Exercise requirements.
I'd like the listing below copied exactly, with the images left out.

Dataset content.
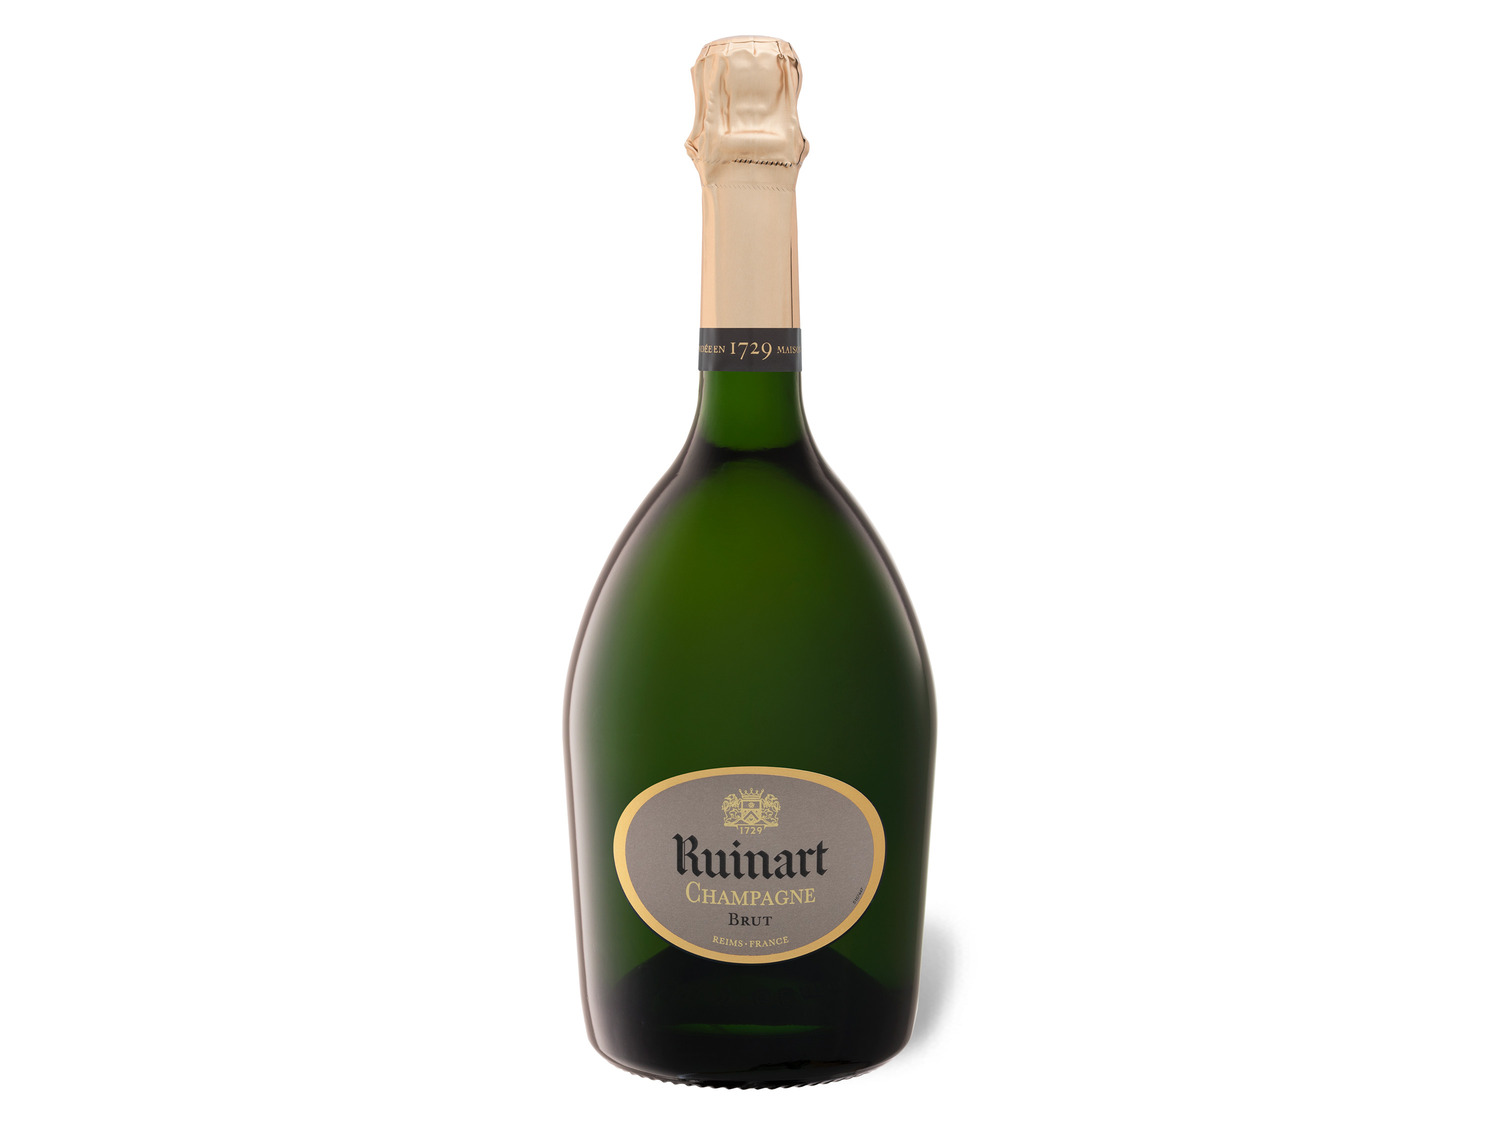 R de Ruinart Champagne brut, Champagner | LIDL
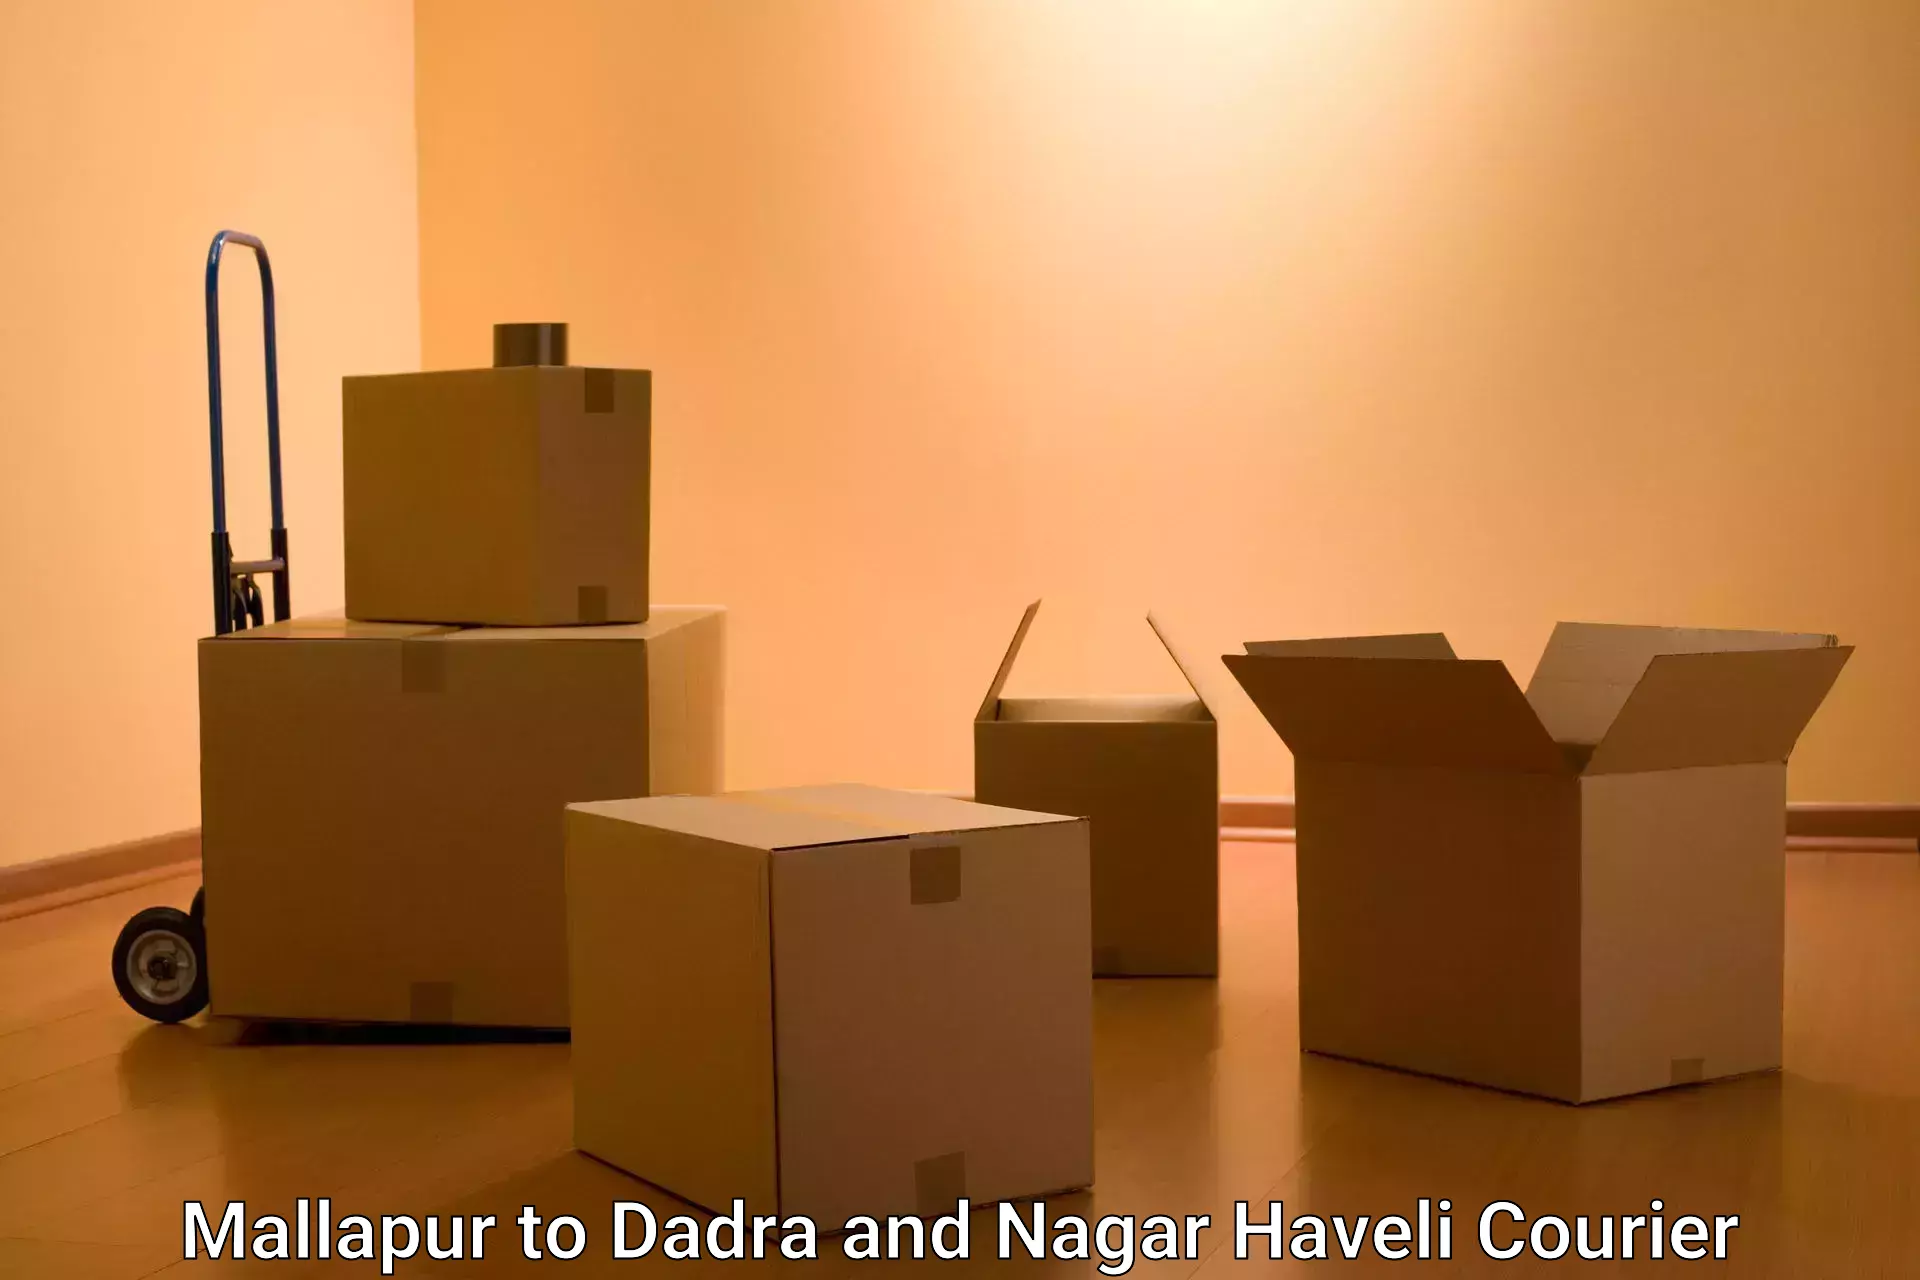 On-demand shipping options Mallapur to Dadra and Nagar Haveli
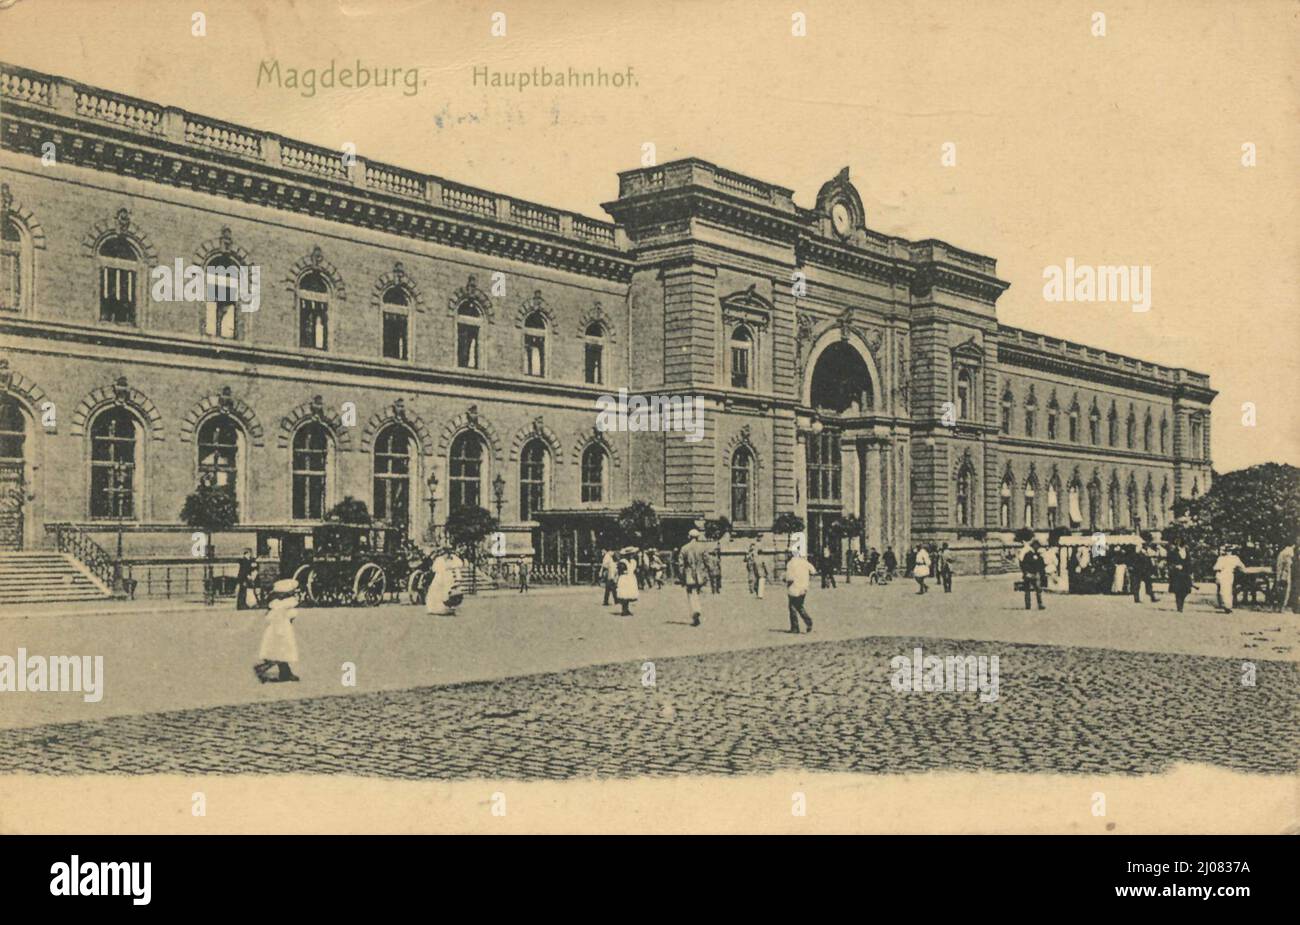 Hauptbahnhof in Magdeburg, Sachsen-Anhalt, Deutschland, Ansicht um ca 1910, digitale Reproduktion einer historischen Postkarte, public domain, aus der damaligen Zeit, genaues Datum unbekannt Stock Photo
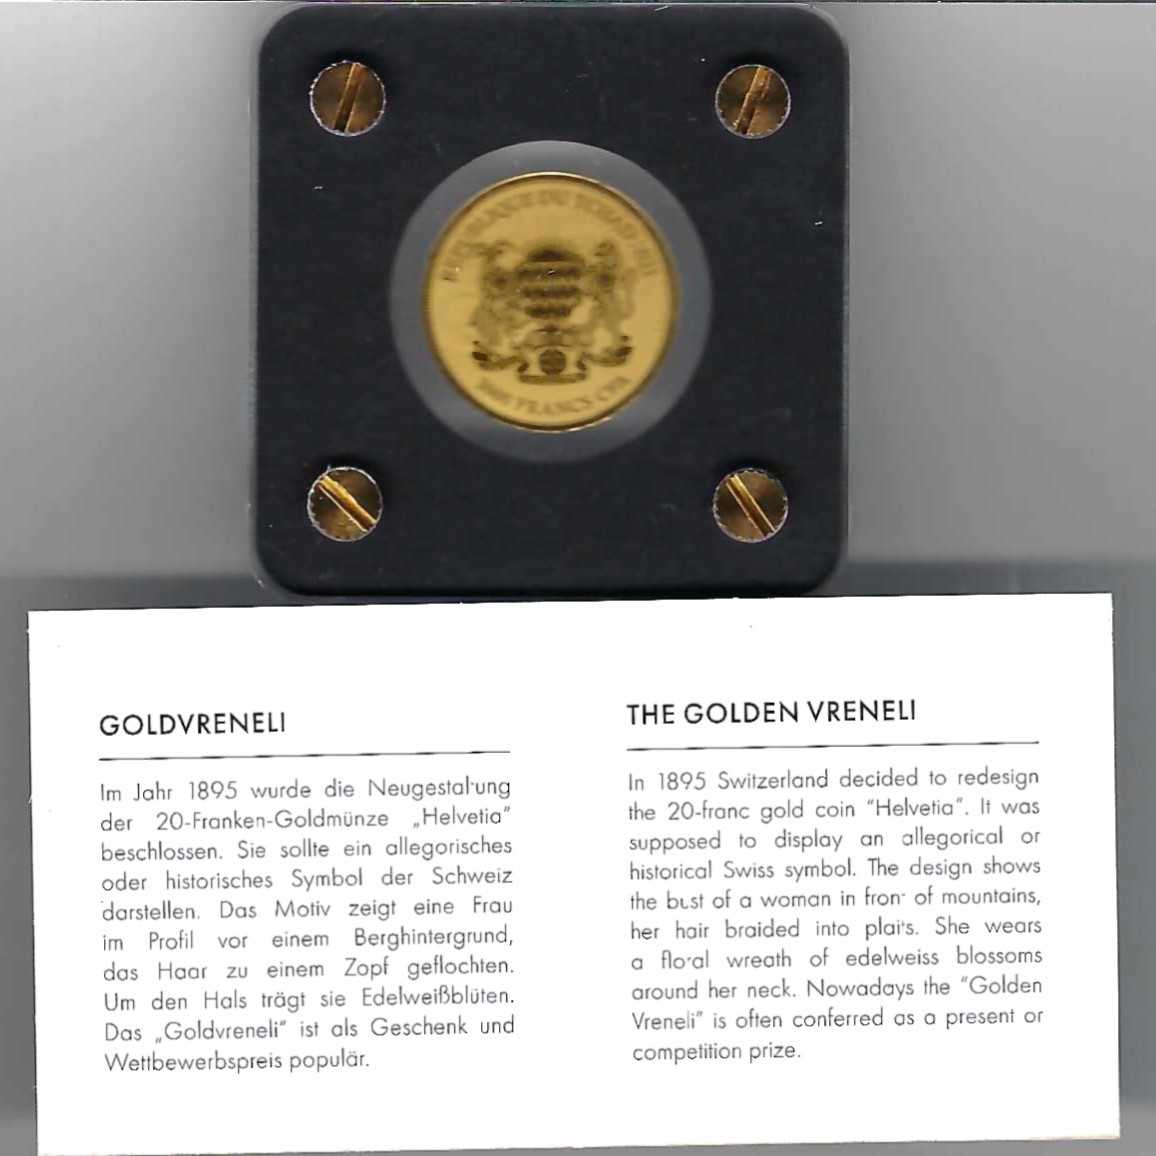  Goldbarren Tschad 3000 Francs 2021 Feingold 999 1/500 oz Golden Gate Koblenz Frank Maurer AB 737

The completed task.
 R de Ruinart Champagne brut, Champagner | LIDL
 On-demand shipping options Mallapur to Dadra and Nagar Haveli
 Hauptbahnhof in Magdeburg, Sachsen-Anhalt, Deutschland, Ansicht um ca 1910, digitale Reproduktion einer historischen Postkarte, public domain, aus der damaligen Zeit, genaues Datum unbekannt Stock Photo
  Goldbarren Tschad 3000 Francs 2021 Feingold 999 1/500 oz Golden Gate Koblenz Frank Maurer AB 737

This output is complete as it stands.